Я посмотрел на ютубе видеозаписи «типовой» Лакшми-ягьи.  Центральным действом является чтение жрецом  гимна «Шри Сукта», посвященного богине Шри  — Лакшми. После каждого куплета гимна провозглашается:  «идам Лакшмйайа идам на мама» («это – для Лакшми, это не для меня»),  или «идам ….айа идам на мама» (вместо многоточия идёт неразборчиво, видимо, одно из имён Шри Лакшми), «сваха», и в жертвенный огонь льют топлёное масло и бросают зерно. 

Как это соотносится с пунктом 2 резолюции GBC, которую ВЫ привели выше:

*«2. В отношении поклонения полубогам:

Поклонение полубогам как независимым богам не разрешается в Сознании Кришны. Однако «Нектар преданности» говорит, что полубогов нужно уважать. Поклонение полубогам как Вайшнавам является авторитетным. Для проповеди, с целью научить людей правильному отношению к полубогам как к великим Вайшнавам, храмы ИСККОН могут проводить по особым случаям церемонии или пуджи, для почитания полубогов и поклонения им как великим Вайшнавам, при обязательном соблюдении следующих условий:

[далее GBC перечисляет обязательные условия, без выполнения которых  поклонение полубогам не является авторитетным и легитимным]
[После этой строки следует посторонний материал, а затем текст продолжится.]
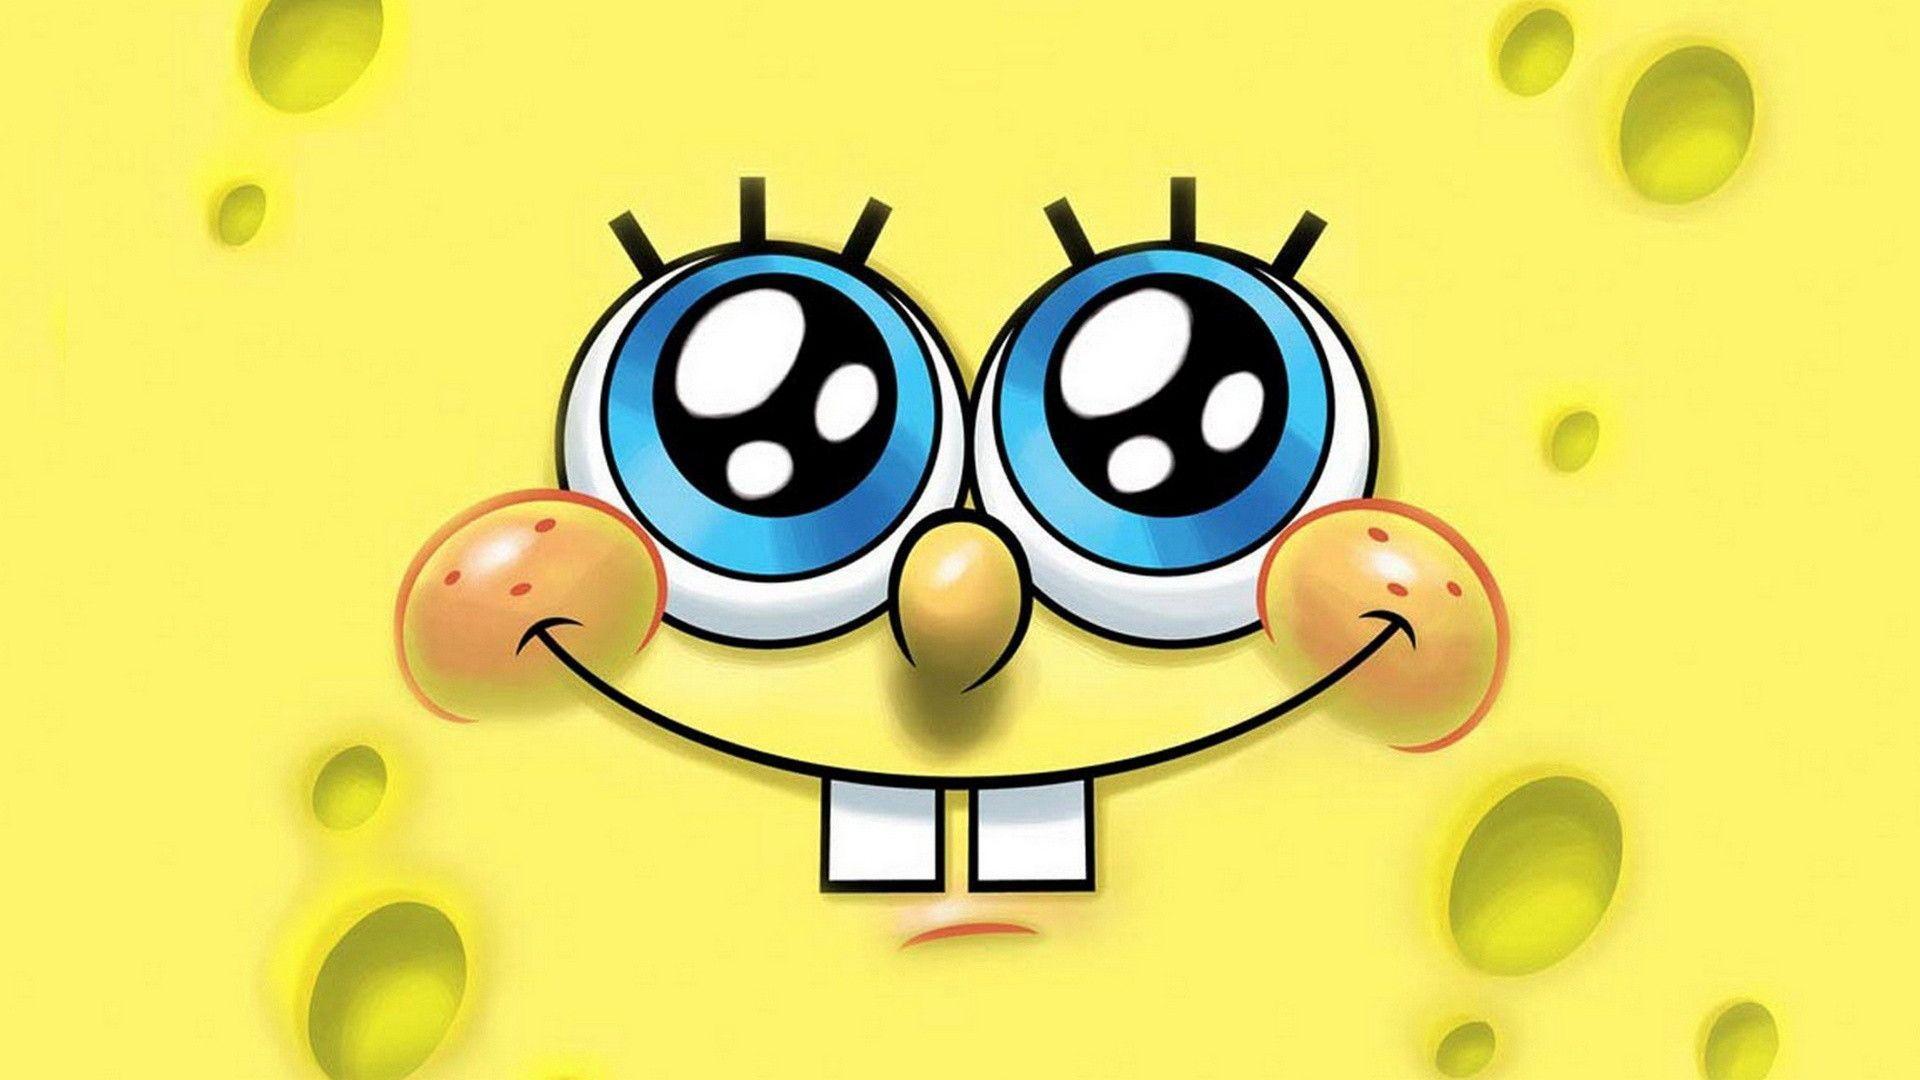 Cute Spongebob Squarepants Wallpaper 1080p

i) поклонение только как Вайшнавам (Это означает, что дэву/дэви должны предлагать: прасадные предметы арати незамедлительно после того, как они предложены Господу Кришне; цветочные гирлянды, являющиеся прасадом Кришны, и пищу, являющуюся Кришна-прасадом. Никакого независимого поклонения не предлагается. Проводится воспевание ТОЛЬКО Харе Кришна и имён Вишну, как Господь Чайтанья делал в Южной Индии.)

ii) Их статус как слуг Кришны показан так ясно и отчётливо, как это только возможно, с помощью знаков, символов, и иконографии, и 

iii) с помощью того, что подношения являются Кришна-прасадом»* ?

Я могу прислать  Вам личным сообщением  ссылку на видеозапись Лакшми-йагйи для изучения и оценки Руководящим советом. 

По моему мнению, перечисленные в резолюции GBC условия легитимности таких ягий не выполнены. 

Также мне и старшим преданным, с которыми я консультировался по данному вопросу,  неизвестно, в каких авторитетных  произведениях ачарьев Гаудиа сампрадаи разрешён гаудиа-вайшнавам и описан такой вид огненного жертвоприношения.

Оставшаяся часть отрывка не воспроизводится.